Thomas B. Moeslund received the M.Sc. and Ph.D. degrees in 1996 and 2003, respectively, from Aalborg University in Denmark, where he is also currently employed as Associate Professor. In 2000 - 2003 he acted as a Vision Engineer consultant at the company Thoustrup and Overgaard, Randers, Denmark. Dr. Moeslund's research interests include: Computer vision, Machine vision, Looking at people (human motion capture, gesture recognition, tracking, pose estimation), augmented reality, HCI, computer graphics animations, and multi-modal systems.
Dr. Moeslund has been involved in nine national and international research projects, both as coordinator, WP leader and researcher. He has published more than 75 peer reviewed journal and conference papers, including a best paper award and a most cited paper award (from CVIU) . Citation statistics according to Harzing’s Publish or Perish (Date: 14/4-2011): Citations: 2207, h-index: 14, g-index: 46, AWCR: 268.93. He serves as associate editor for Machine Vision and Application, is member of the editorial board of The Open Cybernetics and Systemics Journal, and is member of the editorial consultant board for the Int. Journal of Advanced Robotic Systems. He acts as reviewer for all major journals within the field of computer vision and image processing, and has been in noumours PC committees. Moreover he has twice co-chaired the "International Workshop on Tracking Humans for the Evaluation of their Motion in Image Sequences” as well as the "International Workshop on Analysis and Retrieval of Tracked Events and Motion in Imagery Streams". He is currently co-editing a CVIU SI on human motion.
Adrian Hilton is Professor of Computer Vision and Graphics and Head of the Visual Media Research Group at the University of Surrey, UK. Over the past decade he has published over 100 refereed journal and international conference research articles in robust computer vision techniques to build models of real world objects from images to meet the requirements of the entertainment and communication industries.
Scientific contributions have been recognized by two journal and one conference best paper awards. Innovative contributions of this research led to the first commercial hand-held 3D scanner and the first system for capturing animated models of people have been recognized through two EU IST Awards for Innovation, a DTI Manufacturing Industry Achievement Award and a Computer Graphics World Innovation Award. He currently serves as an area editor for the journal Computer Vision and Image Understanding, the EPSRC Peer Review College for UK funding applications and the Executive of the IEE Professional Network in Multimedia Communications. He is a Chartered Engineer and member of IEE, IEEE and ACM.

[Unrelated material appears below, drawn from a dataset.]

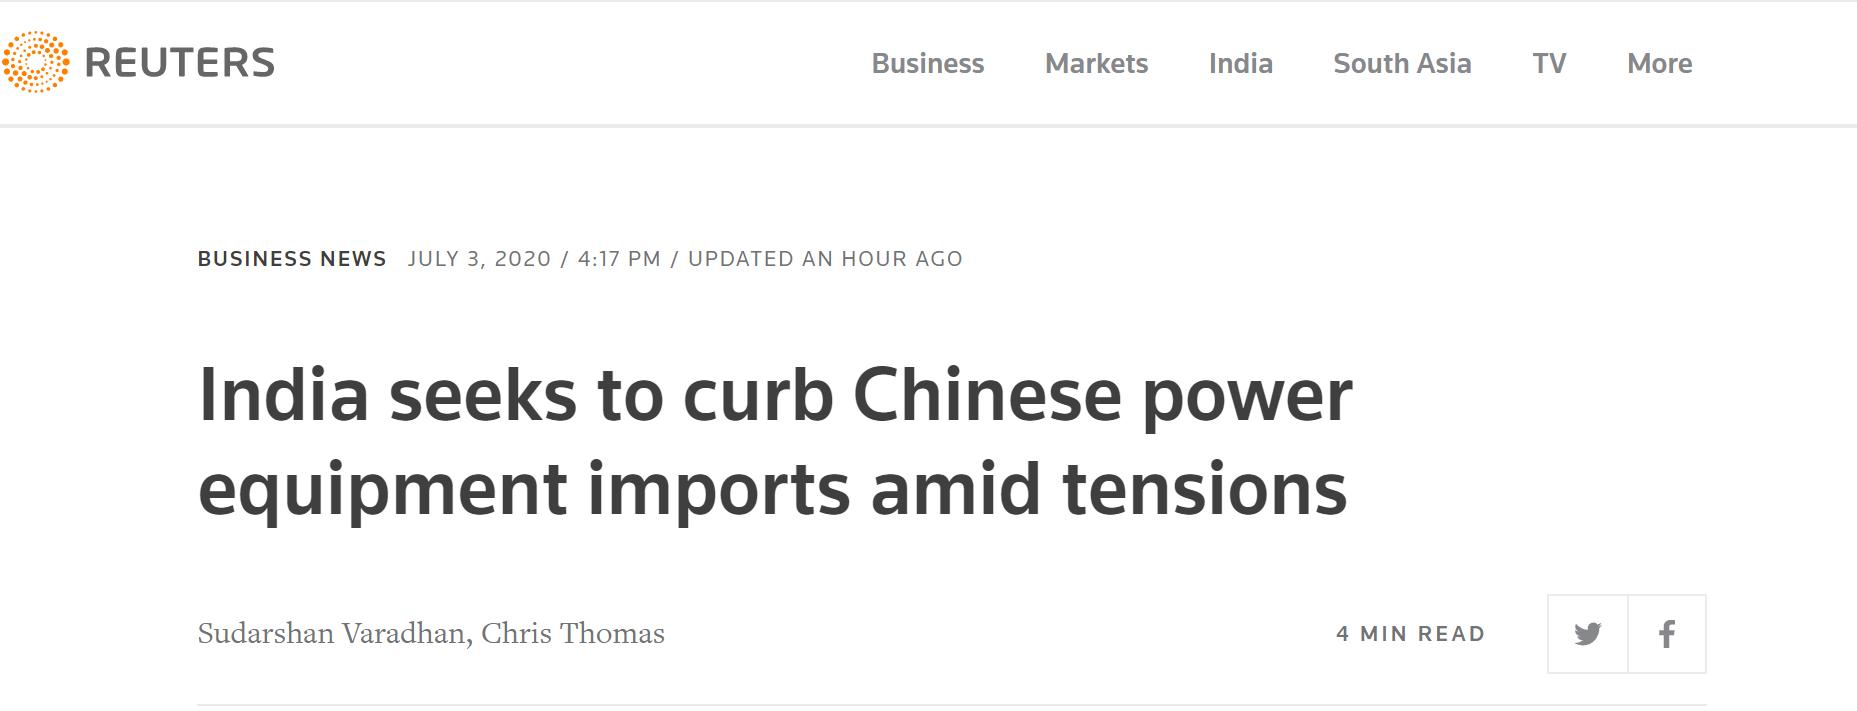 """allbet:印政府再出损招:限制中国电力设备入口,部长竟称可能有""""特洛伊木马""""能远程瘫痪电网 第1张"""
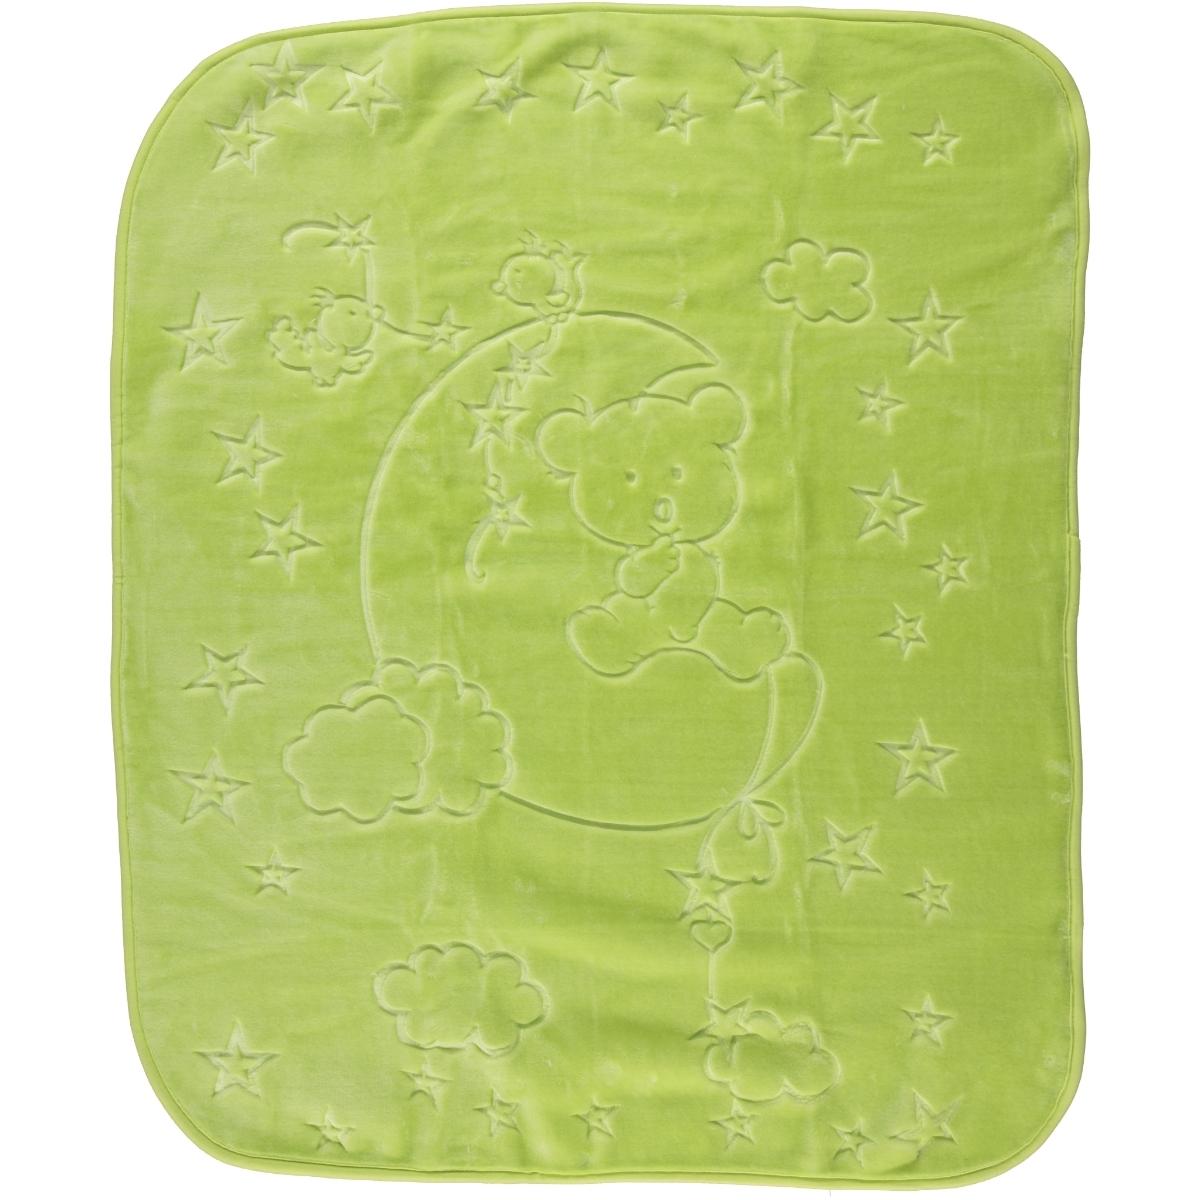 İlk Cemre Embossed Plush Blanket will be installed Yesil cm

Volker Krüger received his Dipl.-Inf. degree and doctor's degree from Christian-Albrechts-Universität (CAU) Kiel, Germany, in 1997 and 2000, respectively. He was a postdoctoral fellow at the Center for Autmation Resarch at Univ. of Maryland from 2000-2002. Since 2002, Volker Krüger is Assoc. Prof. at Aalborg University in Denmark. Volker Krüger is with the Computer Vision and Machine Intelligence Lab (CVMI) at the Copenagen Inst. of Technology (CIT) of Aalborg University. His research focuses on computer vision and robotics based approaches for learning and recognizing human actions and activities.